# Work instruction
Line by line, transcribe the data below exactly and pass over the images.
─── Supplied information
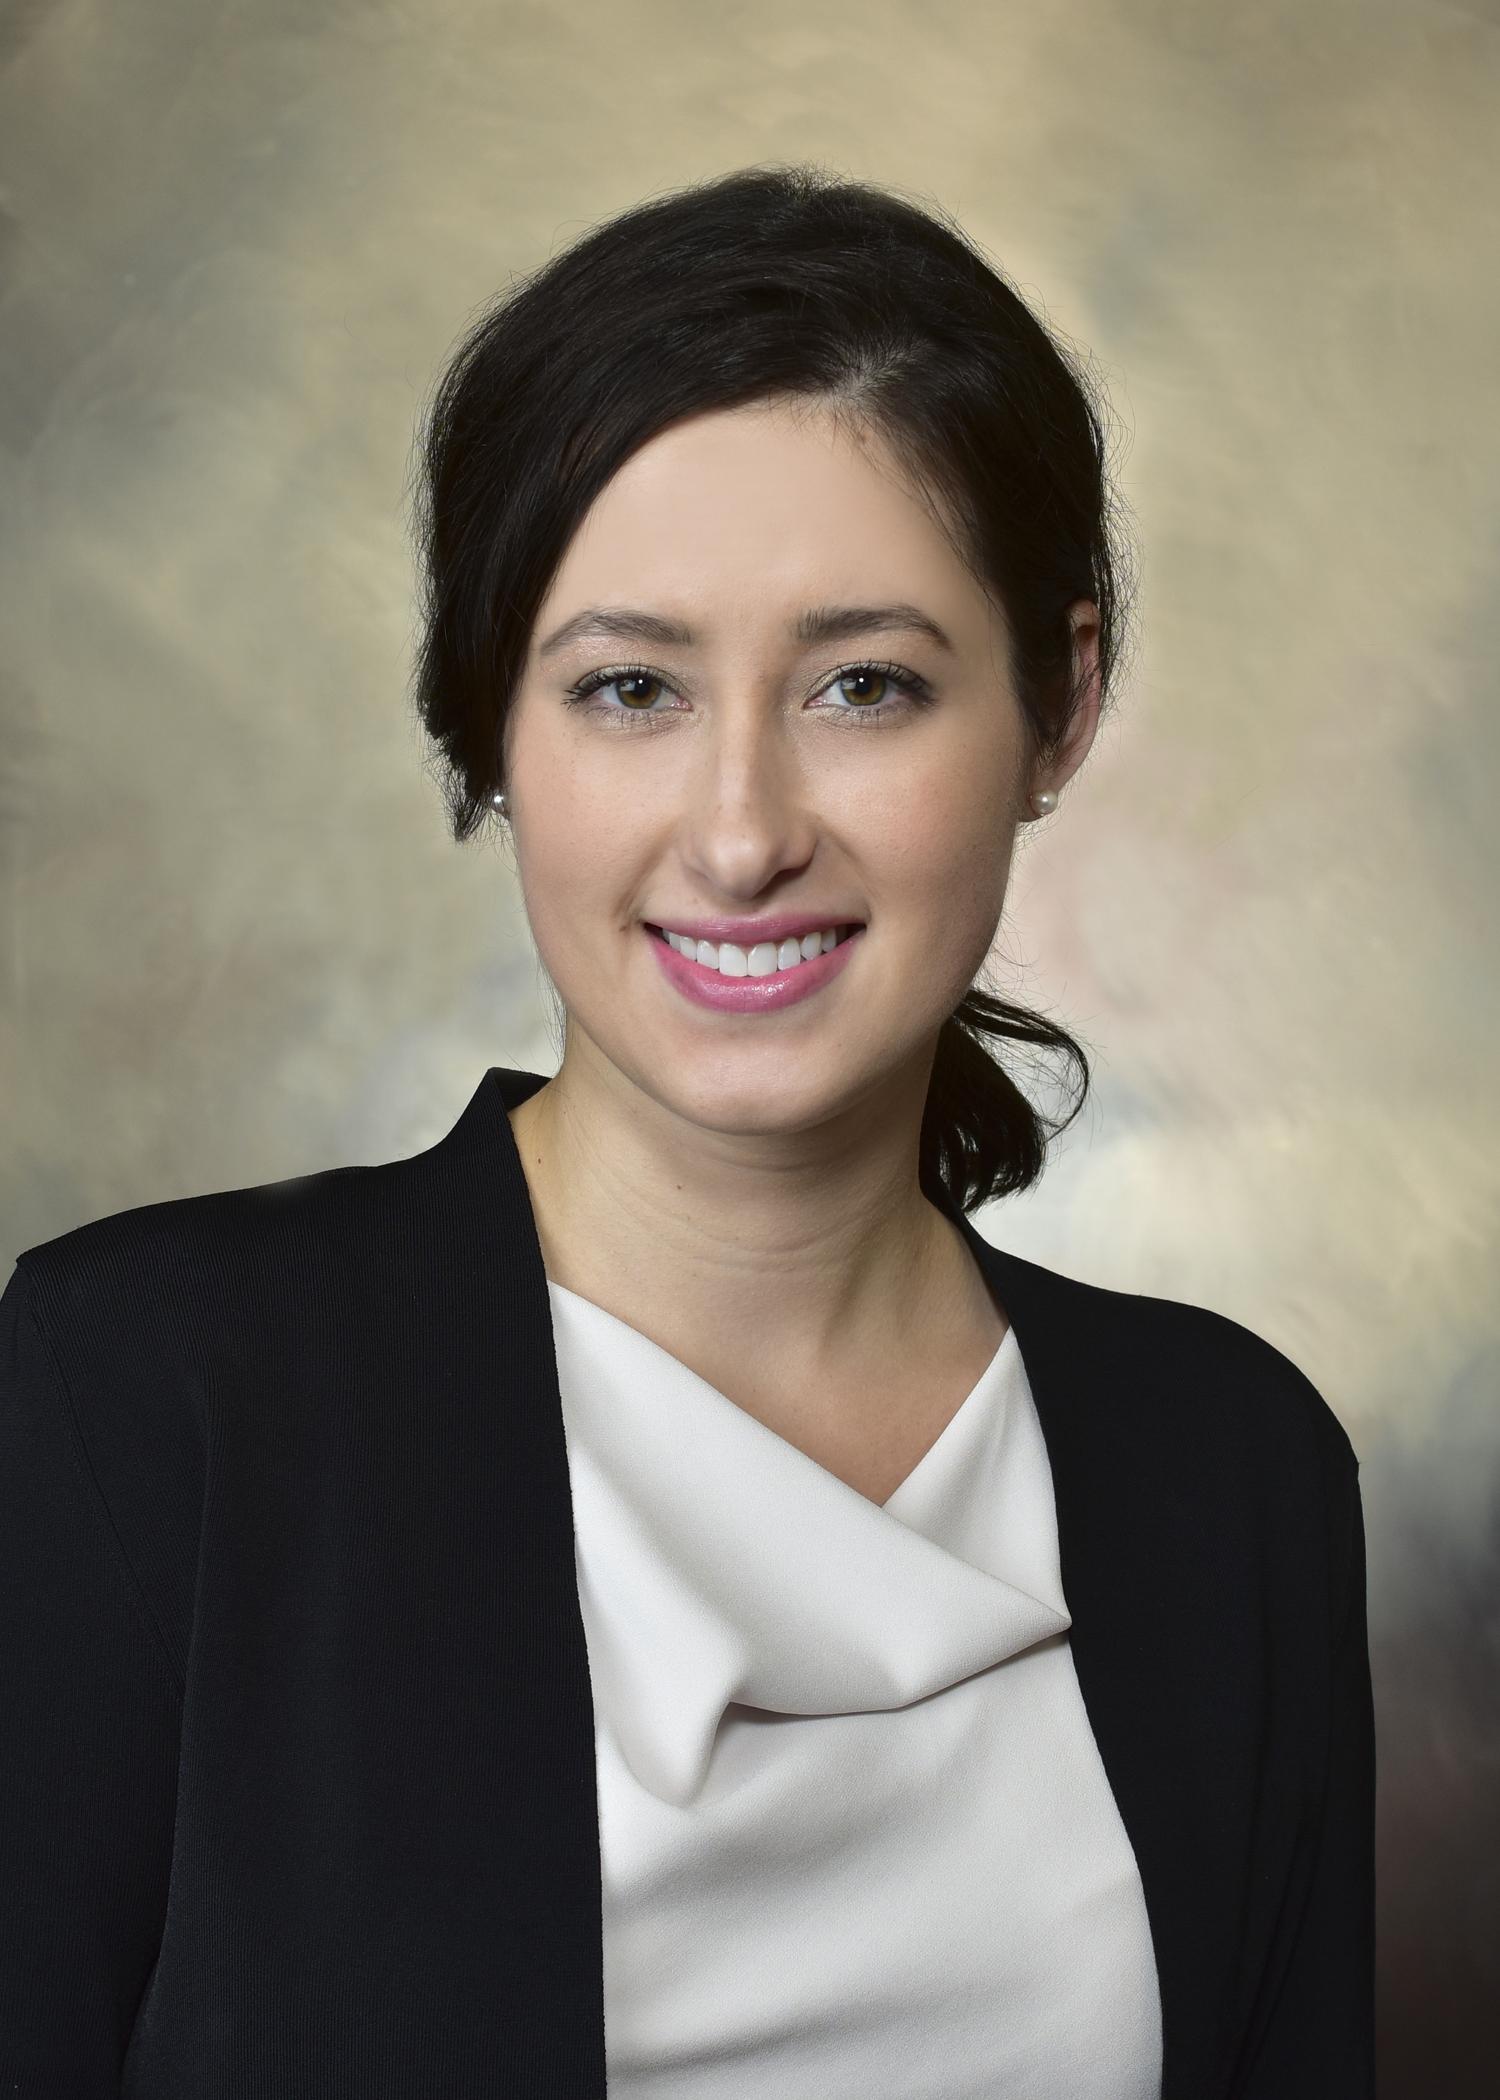 Dr. Danielle DeMorrow
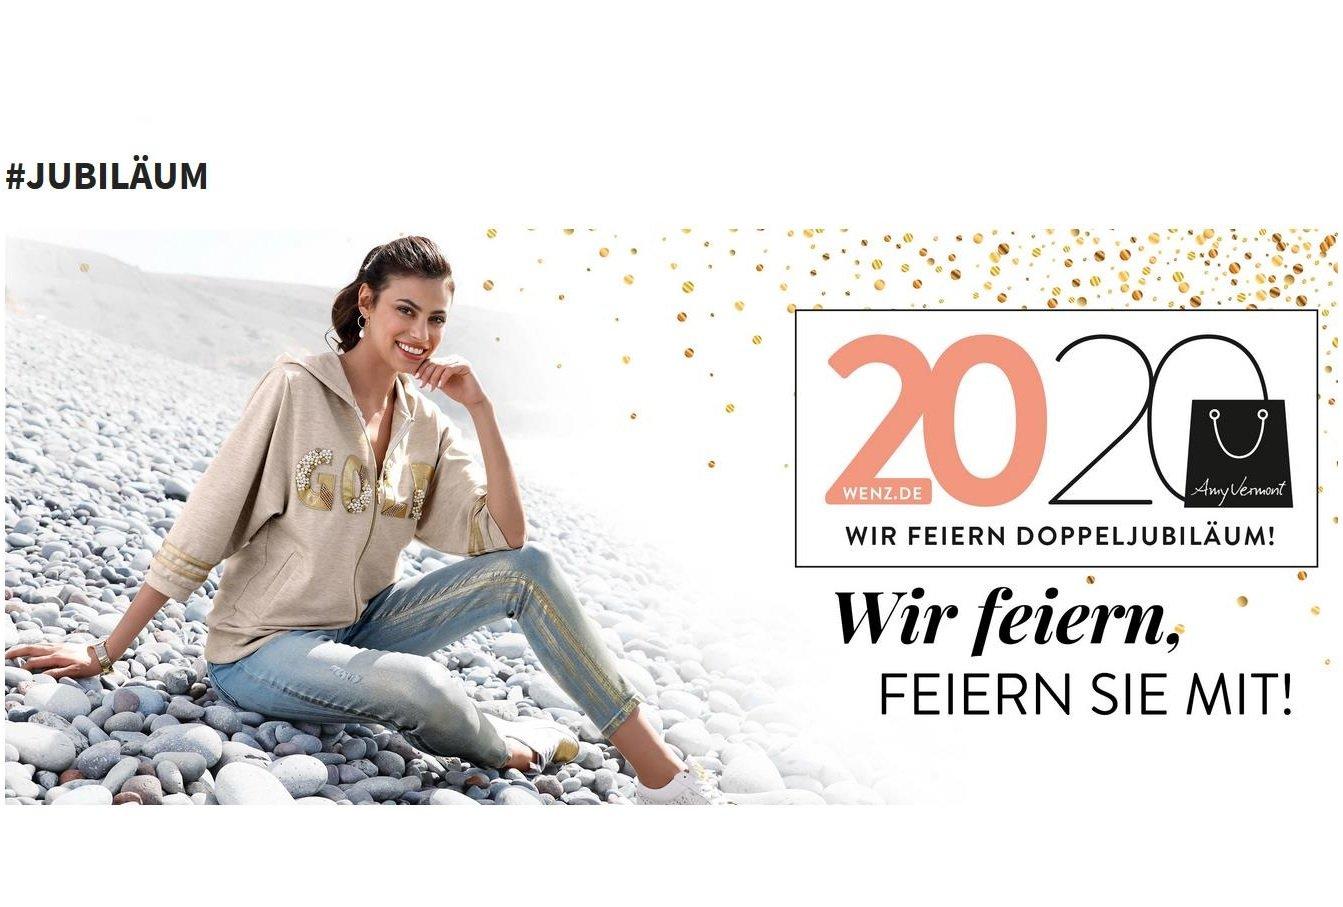 2020 Presse KLiNGEL Gruppe - WENZ Doppeljubiläum - WENZ Onlineshop und Amy Vermont
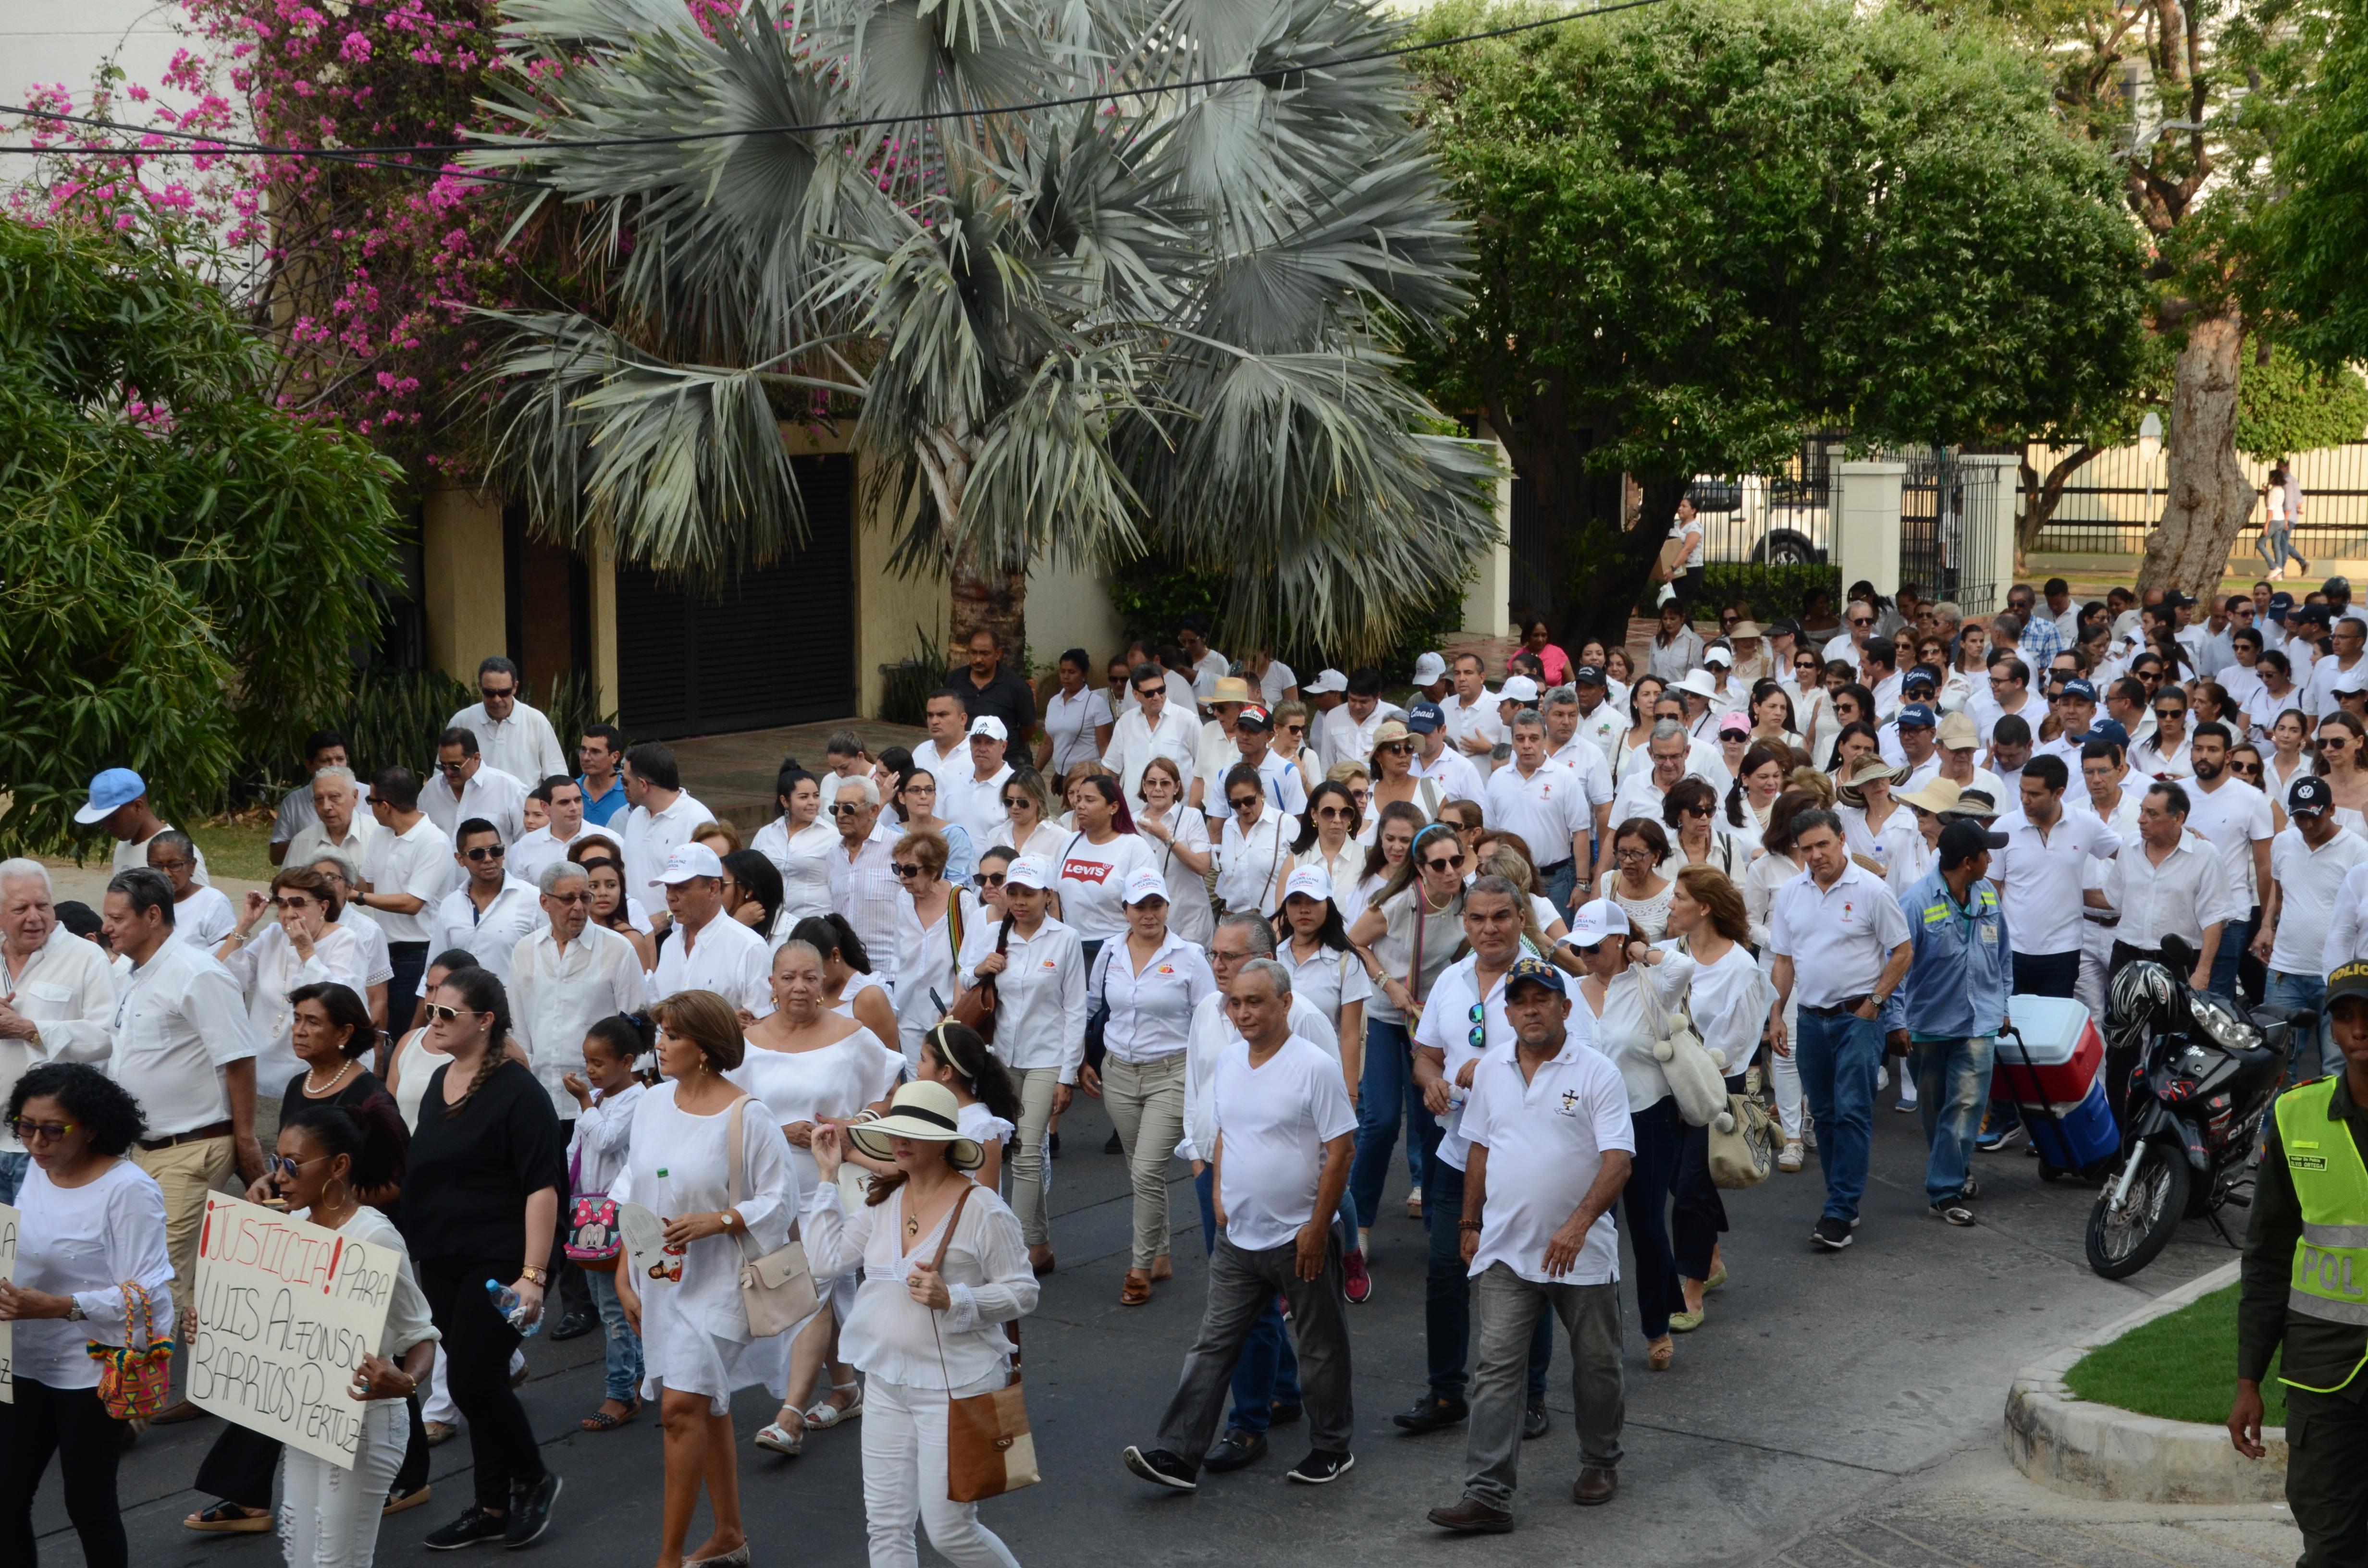 La marcha pidiendo justicia congregó a numerosos familiares y amigos, el pasado sábado en Valledupar.
──────
# Written response
 Dr. Danielle DeMorrow
 2020 Presse KLiNGEL Gruppe - WENZ Doppeljubiläum - WENZ Onlineshop und Amy Vermont
 La marcha pidiendo justicia congregó a numerosos familiares y amigos, el pasado sábado en Valledupar.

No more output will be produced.